I am working on creating a graph in ggplot where I have one bar plot and then want to overlay multiple line graphs. For the purposes of this question, I have reproduced my code for two barplots (one that includes all years (2007-2015) and two from specific years (2007 and 2015), but ultimately I will be overlaying data from 10 different years. The data used can be found here.

library(dplyr)
library(tidyr)
library(gridExtra)
library(ggplot2)

overallpierc<-data[(data$item=="piercing"),]

overp<-overallpierc %>%
  group_by(age) %>% 
  count(sex) %>% 
  ungroup %>% 
  mutate(age = factor(age)) %>%
  complete(age, sex, fill = list(n = 0)) %>% 
  ggplot(aes(age, n)) + geom_col(aes(fill = sex), position = "dodge") +
    theme_classic() + 
    scale_fill_manual(values=c("#000000", "#CCCCCC"), name = "Sex") + 
    labs(x = "Age", y = "Number of observations") +   
    theme(legend.position=c(0.4,0.8),
    plot.title = element_text(size = 10),
    legend.title=element_text(size=15),
    axis.title=element_text(size=15),
    legend.key.size = unit(1.13, "cm"),
    legend.direction="vertical",
    legend.text=element_text(size=15))

p07<-data[(data$yy=="2007") & (data$item=="piercing"),]
summary(p07)

subp07<-p07 %>%  
  group_by(age) %>% 
  count(sex) %>% 
  ungroup %>% 
  mutate(age = factor(age)) %>%
  complete(age, sex, fill = list(n = 0)) %>% 
  ggplot(aes(age, n)) + geom_col(aes(fill = sex), position = "dodge") +
    theme_classic() + 
    scale_fill_manual(values=c("#000000", "#CCCCCC"), name = "Sex") + 
    labs(x = "Age", y = "Number of observations") +   
    theme(legend.position=c(0.4,0.8),
    plot.title = element_text(size = 10),
    legend.title=element_text(size=15),
    axis.title=element_text(size=15),
    legend.key.size = unit(1.13, "cm"),
    legend.direction="vertical",
    legend.text=element_text(size=15))

p15<-data[(data$yy=="2015") & (data$item=="piercing"),]

subp15<-p15 %>% 
  group_by(age) %>% 
  count(sex) %>% 
  ungroup %>% 
  mutate(age = factor(age)) %>%
  complete(age, sex, fill = list(n = 0)) %>% 
  ggplot(aes(age, n)) + geom_col(aes(fill = sex), position = "dodge") +
    theme_classic() + 
    scale_fill_manual(values=c("#000000", "#CCCCCC"), name = "Sex") + 
    labs(x = "Age", y = "Number of observations") +   
    theme(legend.position=c(0.4,0.8),
    plot.title = element_text(size = 10),
    legend.title=element_text(size=15),
    axis.title=element_text(size=15),
    legend.key.size = unit(1.13, "cm"),
    legend.direction="vertical",
    legend.text=element_text(size=15))

grid.arrange(overp, subp07, subp15)

The code I have posted gives me the following figure. enter image description here

What I am trying to do is plot the frequencies for females in 2007 and 2015 and males in 2007 and 2015 on top of the barplot for total frequencies (where this is also reflected in the legend). Is there a way to do that in R using ggplot2?
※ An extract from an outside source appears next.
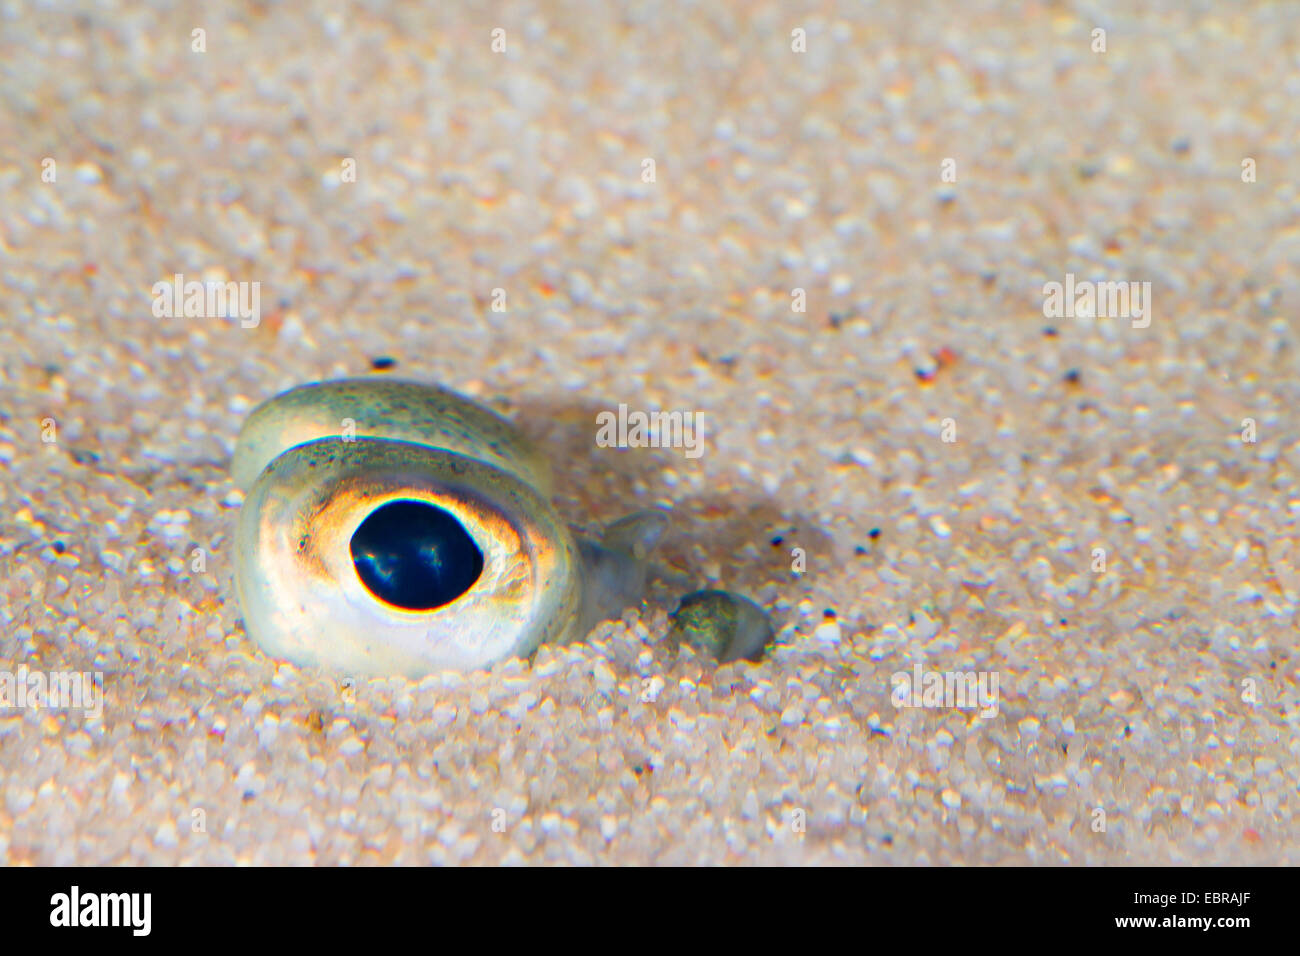 La plie, plie (Pleuronectes platessa), creusés dans le sable que les yeux peut être vu Banque D'Images

UPDATE: I tried using the geom_smooth and geom_line functions to add the lines to my ggplot as suggested in the comments and as other solutions to users questions, but I get the following error:

Error: Discrete value supplied to continuous scale

I created a new data frame for a subset that I would like to plot:

df<-data.frame(age=c(15,16,17,18,19,20,21,22,23,24,25,26,27,28,29,30,40,50,60), val=c(0,5,13,77,70,106,62,51,46,27,46,16,22,16,14,48,21, 3,4))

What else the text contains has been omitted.